No good evidence that giving the hormone progesterone to pregnant women will help women and babies avoid the problems of pre-eclampsia.
Pre-eclampsia is a serious complication of pregnancy occurring in about 2% to 8% of women. It is identified by increased blood pressure and protein in the urine, but women often suffer no symptoms initially. It can, through constriction of the blood vessels in the placenta, interfere with food and oxygen passing to the baby, thus inhibiting the baby's growth and causing the baby to be born too soon. Women can be affected through problems in their kidneys, liver, brain, and clotting system. One theory is that is that pre-eclampsia might be associated with a shortage of progesterone, and so it has been suggested that giving women progesterone during pregnancy might help them to avoid pre-eclampsia.

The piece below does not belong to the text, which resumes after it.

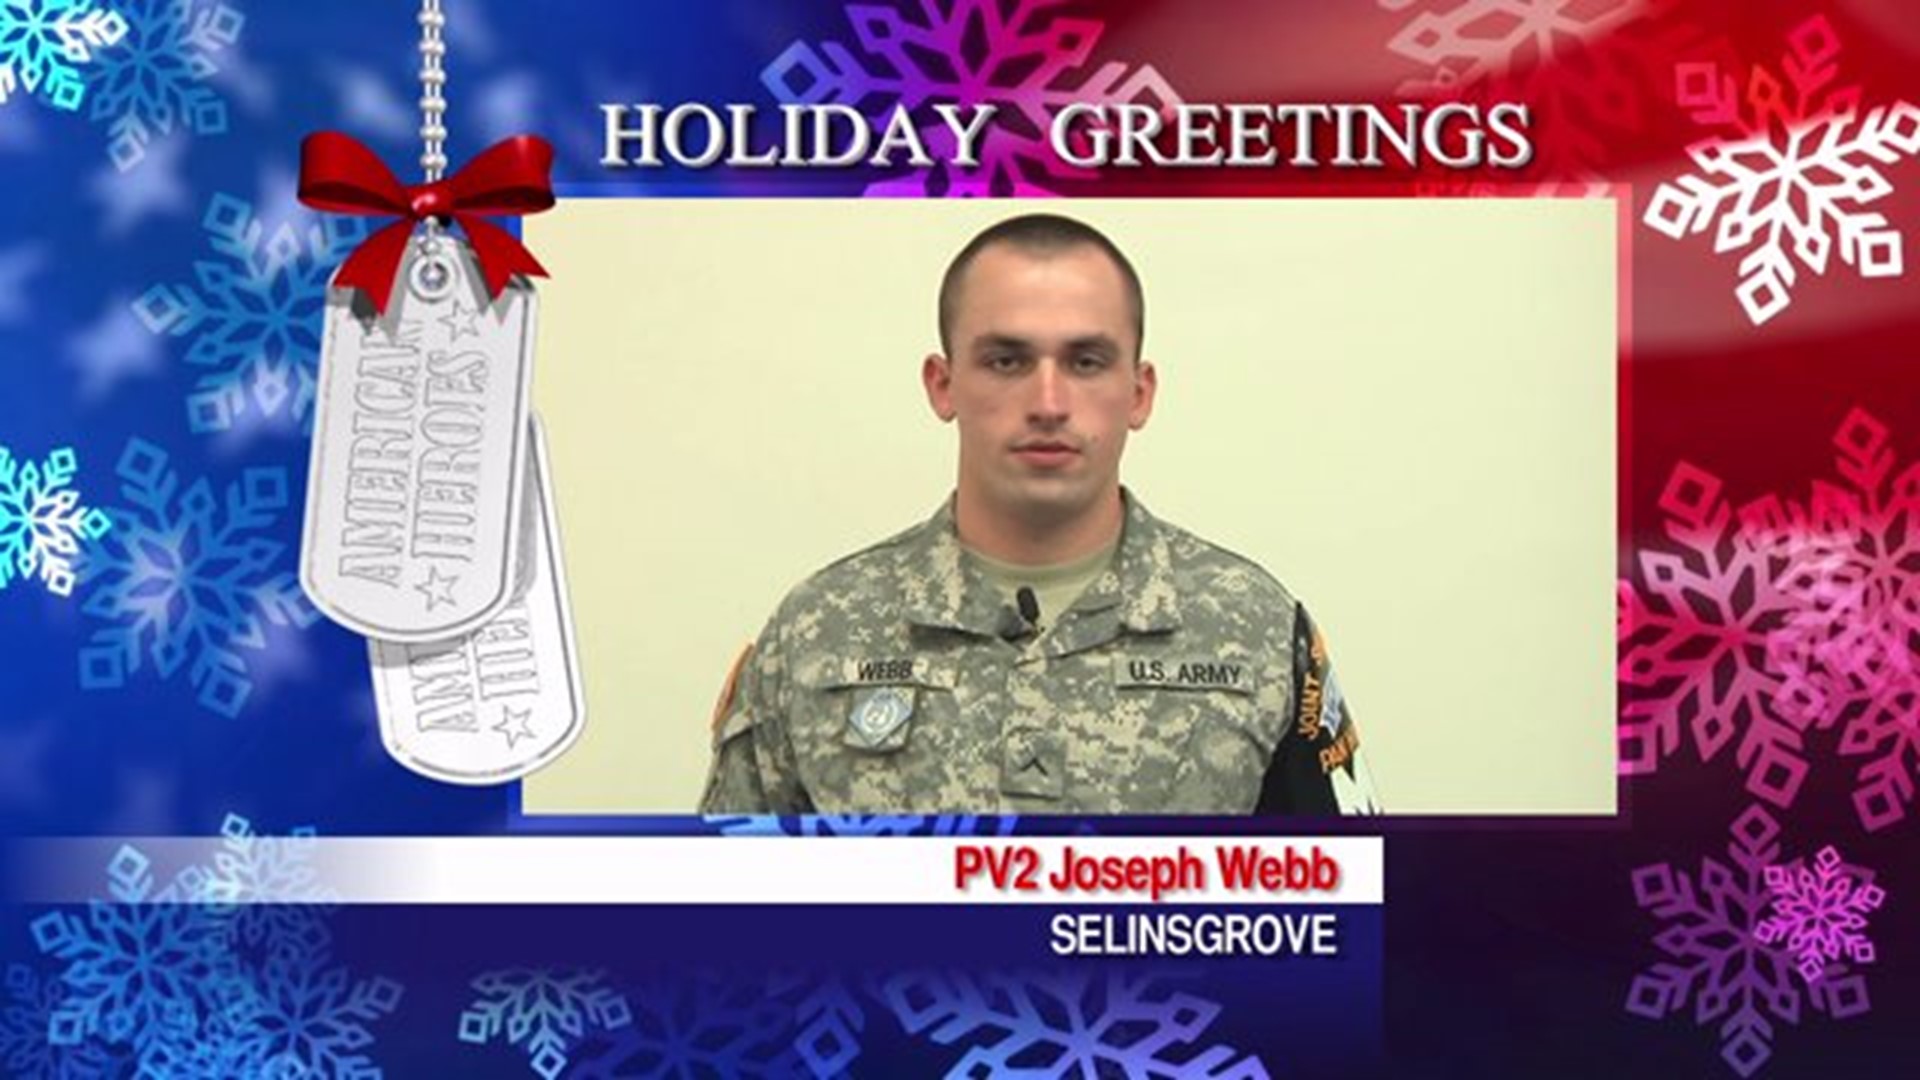 Military Greeting: PV2 Joseph Webb

The review found four trials involving 1445 women. There were insufficient data be to be able to say if progesterone helped, and there was very little information on potential adverse outcomes. So progesterone should not be used in pregnancy for the purpose of trying to reduce the incidence of pre-eclampsia, and further testing is needed.
There is insufficient evidence for reliable conclusions about the effects of progesterone for preventing pre-eclampsia and its complications. Therefore, progesterone should not be used for this purpose in clinical practice at present.
In the past, progesterone has been advocated for prevention of pre-eclampsia. Although progestogens were never widely used for this purpose in clinical practice, new hypothesis have emerged which suggest progesterone may have a role in promoting immunological tolerance between the fetus and mother, and may reduce risk of pre-eclampsia.
To assess the effects of progesterone during pregnancy on risk of pre-eclampsia and its complications.
We searched the Cochrane Pregnancy and Childbirth Group's Trials Register (31 January 2011) and the metaRegister of Controlled Trials (2 June 2010).
Randomised trials evaluating progesterone or other progestogen during pregnancy for prevention of pre-eclampsia and its complications.
Two review authors independently assessed studies for inclusion and extracted data.
We included four trials of variable quality (1445 women). Three trials compared progesterone injections, and one compared progestogen vaginal gel, with no progesterone. There was insufficient evidence to demonstrate any clear differences between the two groups on risk of pre-eclampsia (three trials, 1277 women; risk ratio (RR) 1.25, 95% confidence interval (CI) 0.95 to 1.63), death of the baby (four trials, 2594 babies; RR 1.34, 95% CI 0.78 to 2.31), preterm birth (three trials, 1313 women; RR 1.01, 95% CI 0.93 to 1.10), small-for-gestational-age babies (one trial, 168 women; RR 0.82, 95% CI 0.19 to 3.57), major congenital defects (three trials, 2436 babies; one trial, no events, two trials RR 1.19 , 95% CI 0.31 to 4.52), or any other outcome reported. There were no reported cases of masculinisation of female babies (one trial, 128 women).
Long-term follow-up for the children has been reported in one trial, but we have excluded these data from the review as 54% were lost to follow-up at one year and 80% at 16 years.
In one trial comparing progesterone injections with placebo, over 60% of women in both the progesterone and placebo groups had side effects which were generally mild and most often limited to the injection site.